(WHAT IS EXPECTED): The required output is the stretch from the line containing "GIOE I yacht for sale" through the line containing "dettaglio della vecchia" in the records below, unaltered and with no pictures.

(RECORD SET):
#####
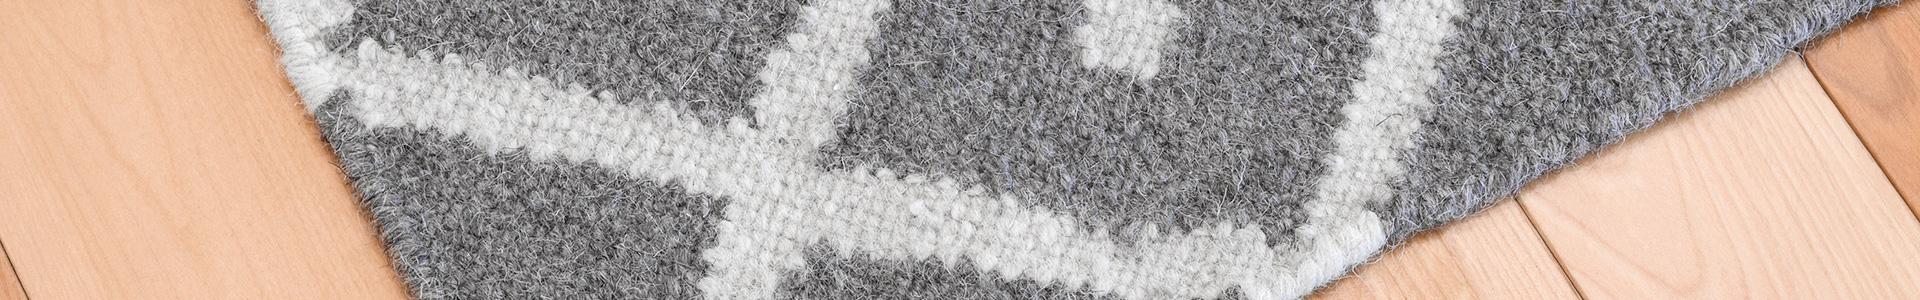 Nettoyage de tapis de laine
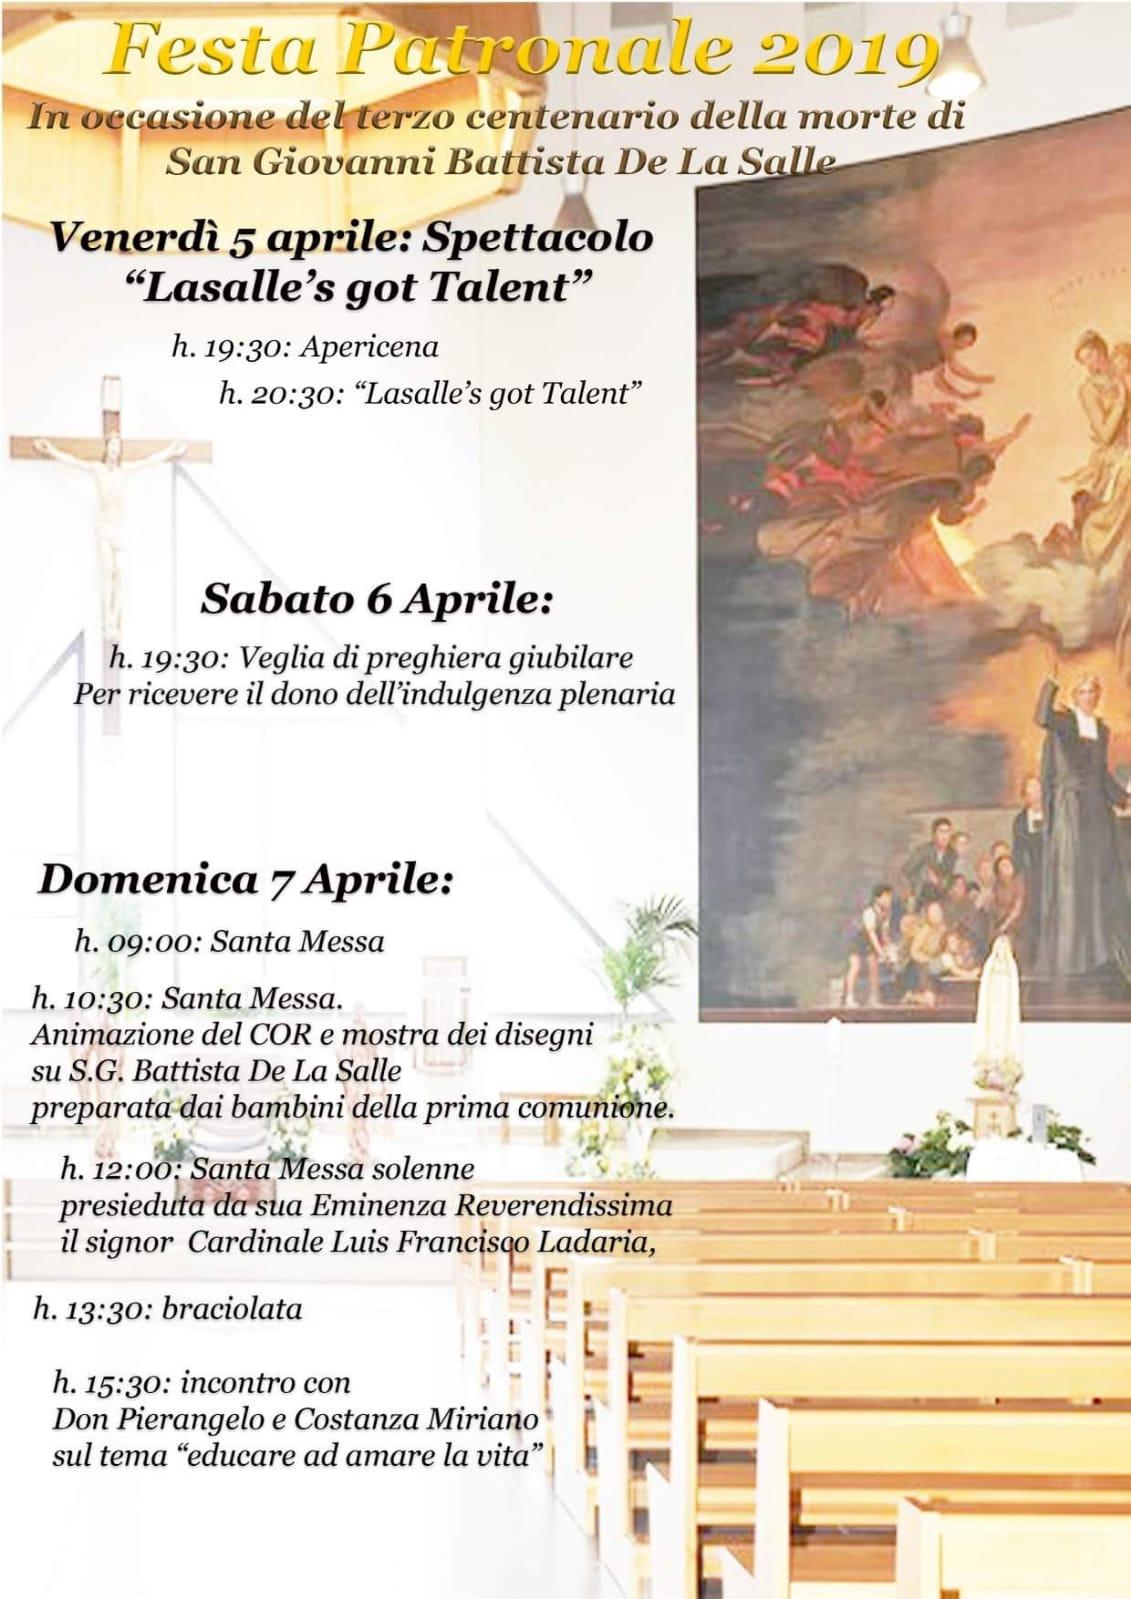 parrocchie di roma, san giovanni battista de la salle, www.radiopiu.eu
#####
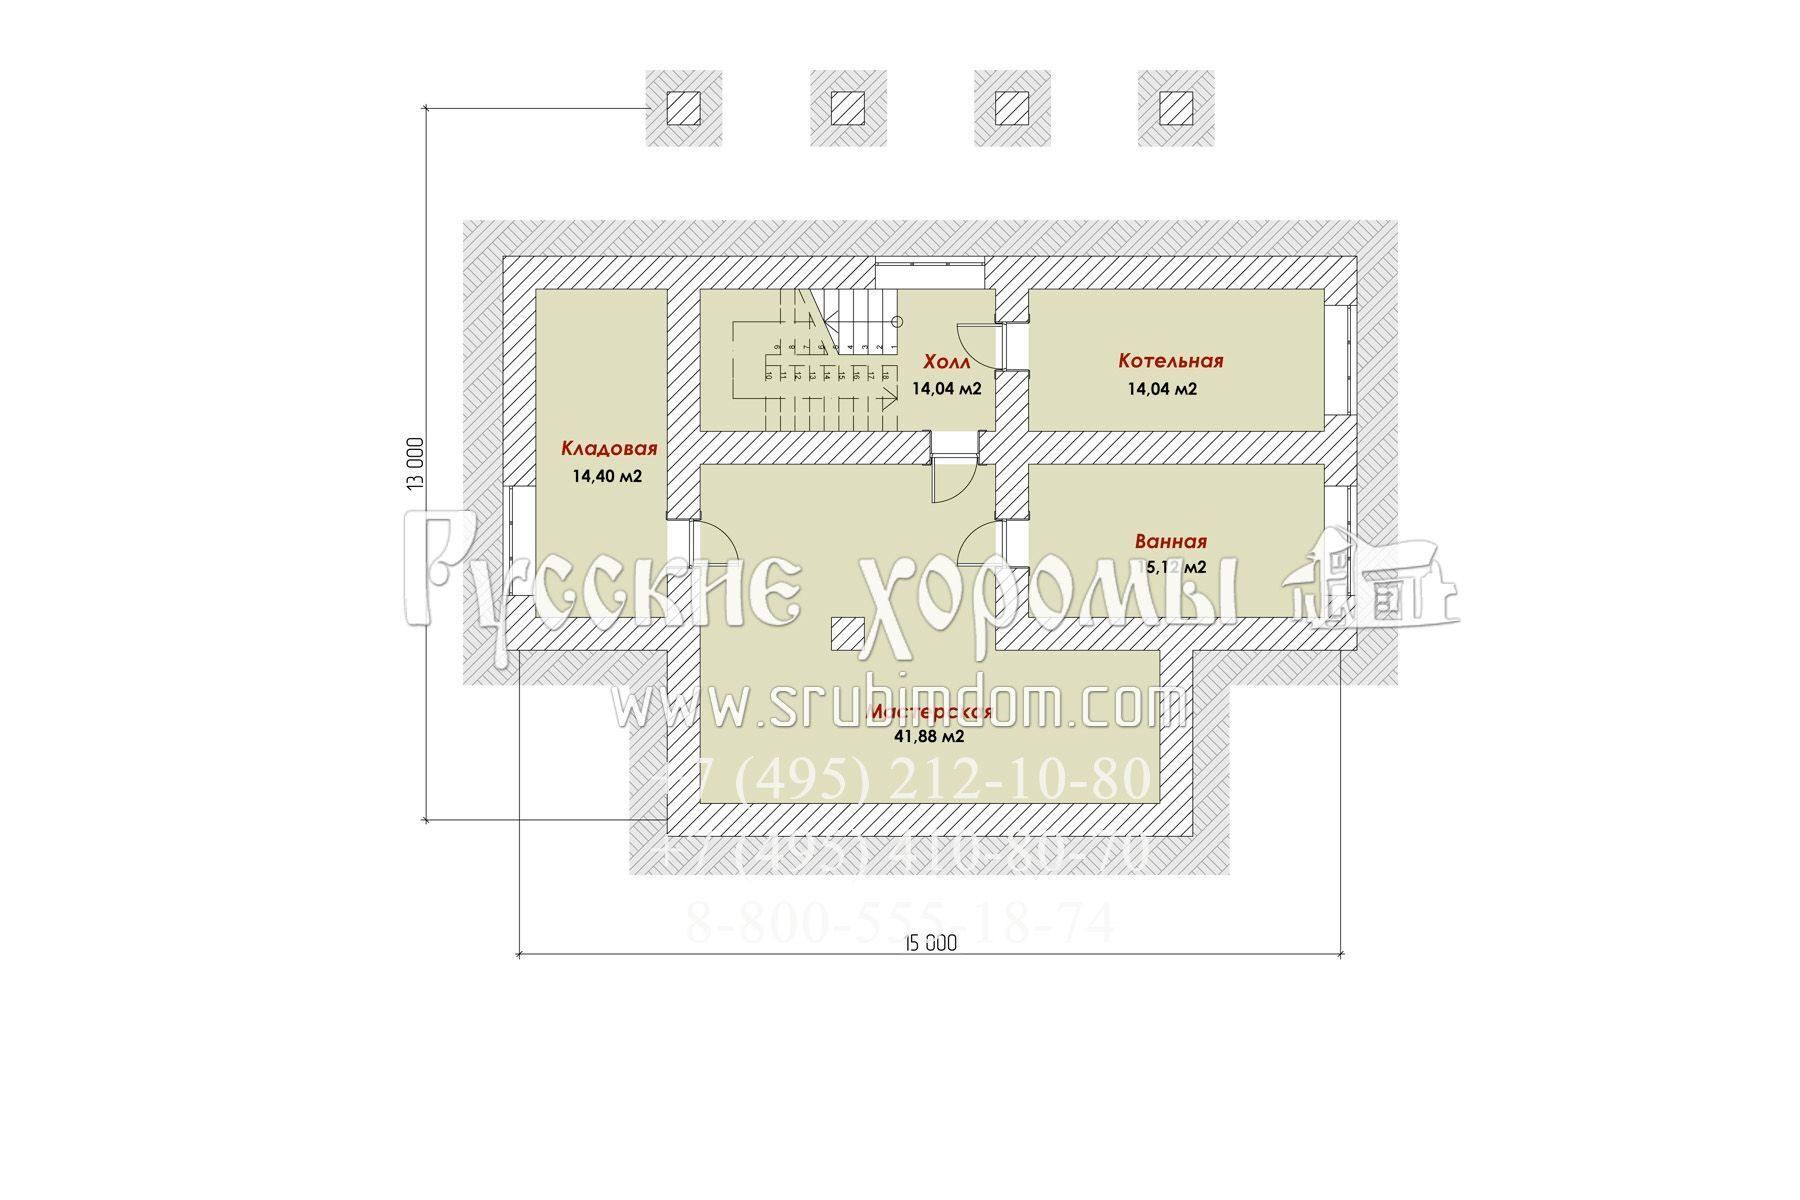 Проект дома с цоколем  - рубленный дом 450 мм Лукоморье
#####
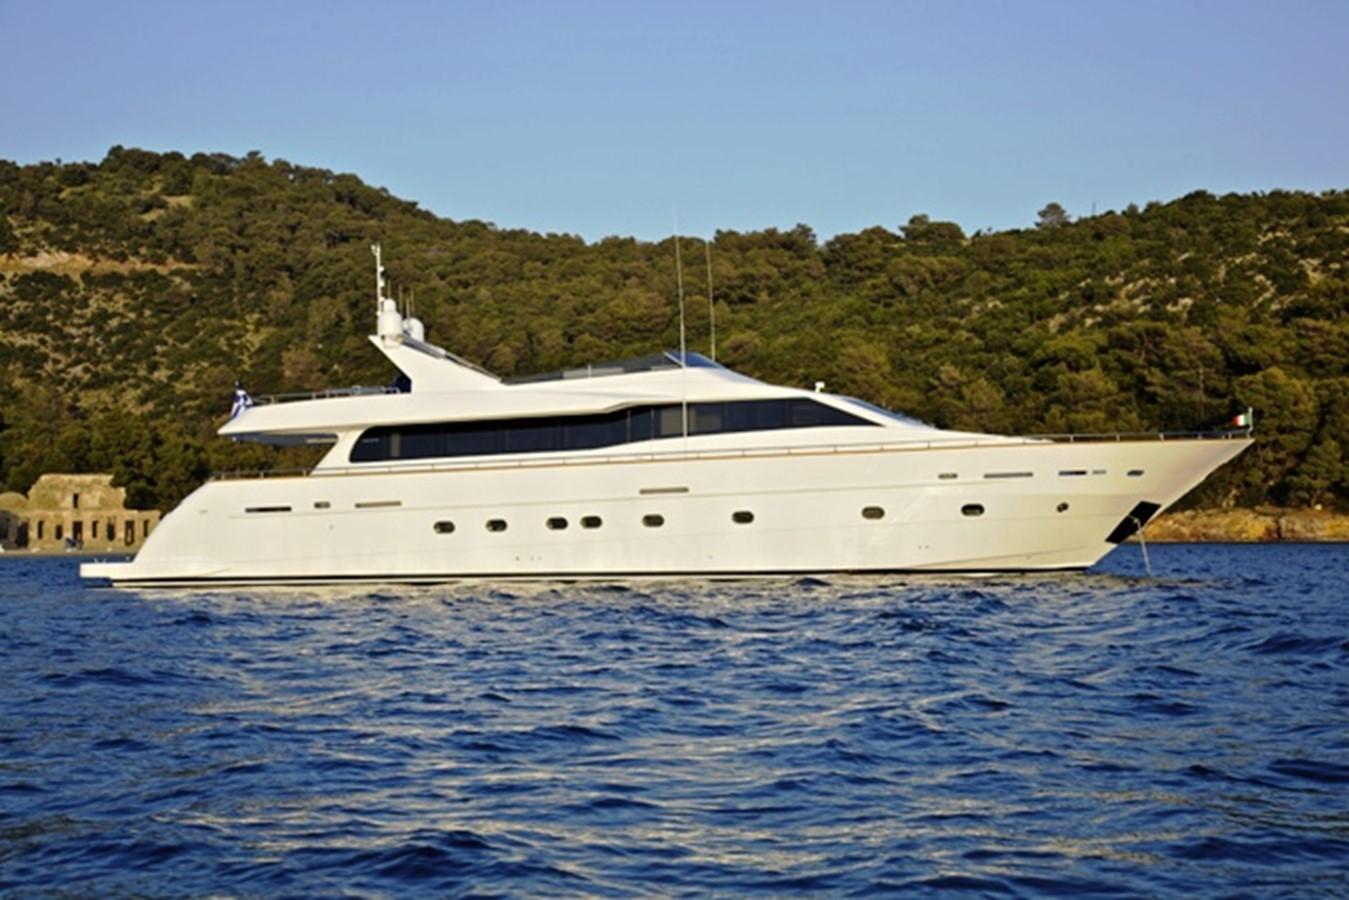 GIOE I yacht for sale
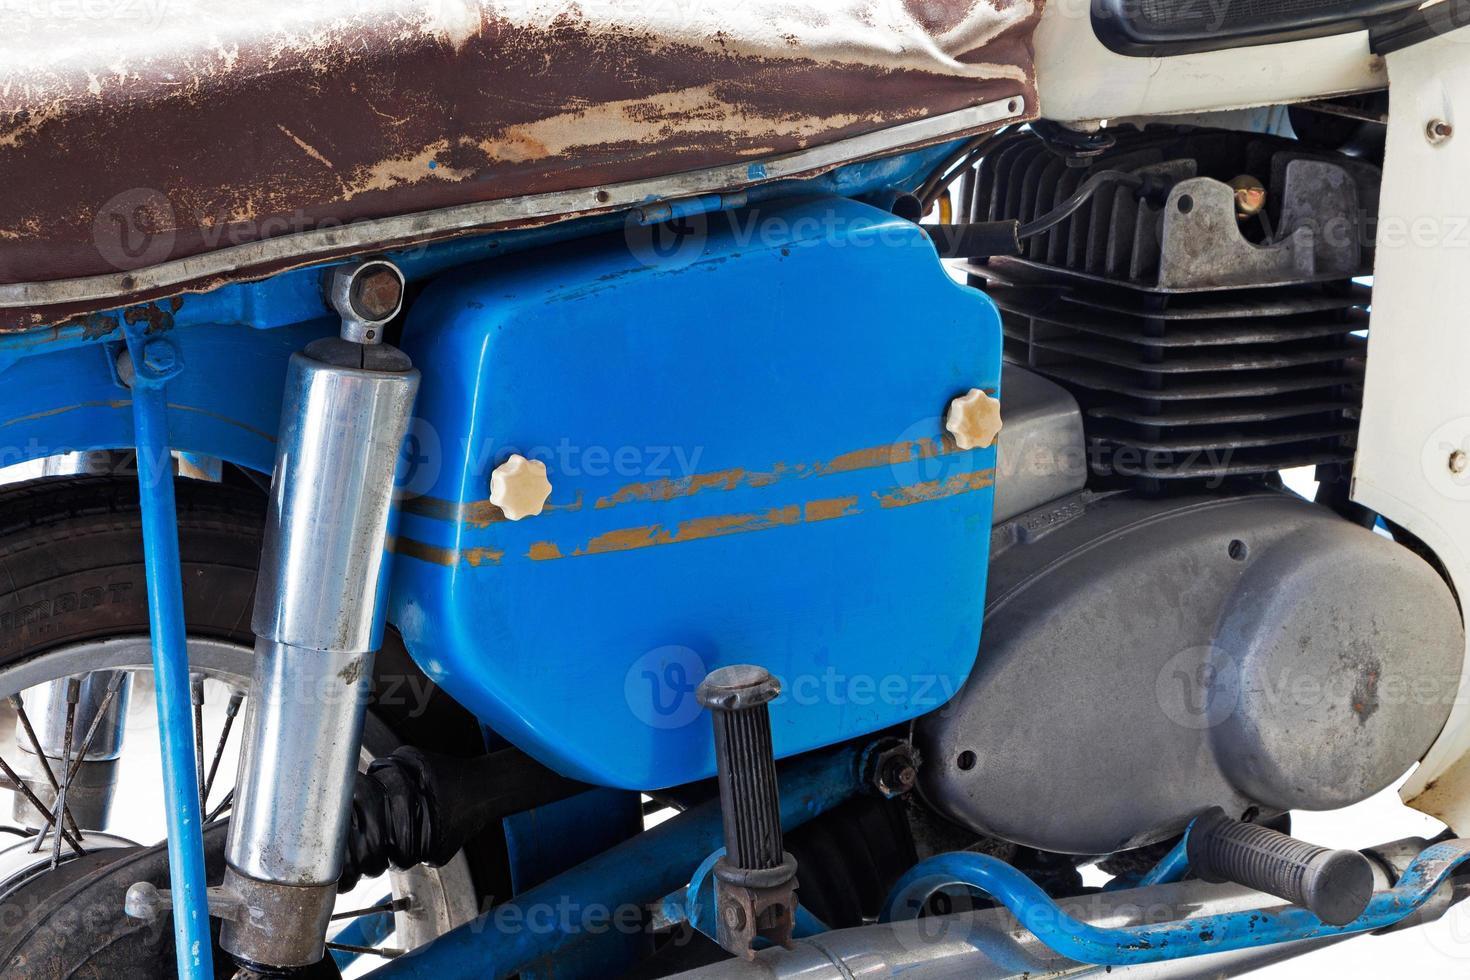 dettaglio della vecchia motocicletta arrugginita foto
#####
(OUTPUT BELOW):
 GIOE I yacht for sale
 dettaglio della vecchia motocicletta arrugginita foto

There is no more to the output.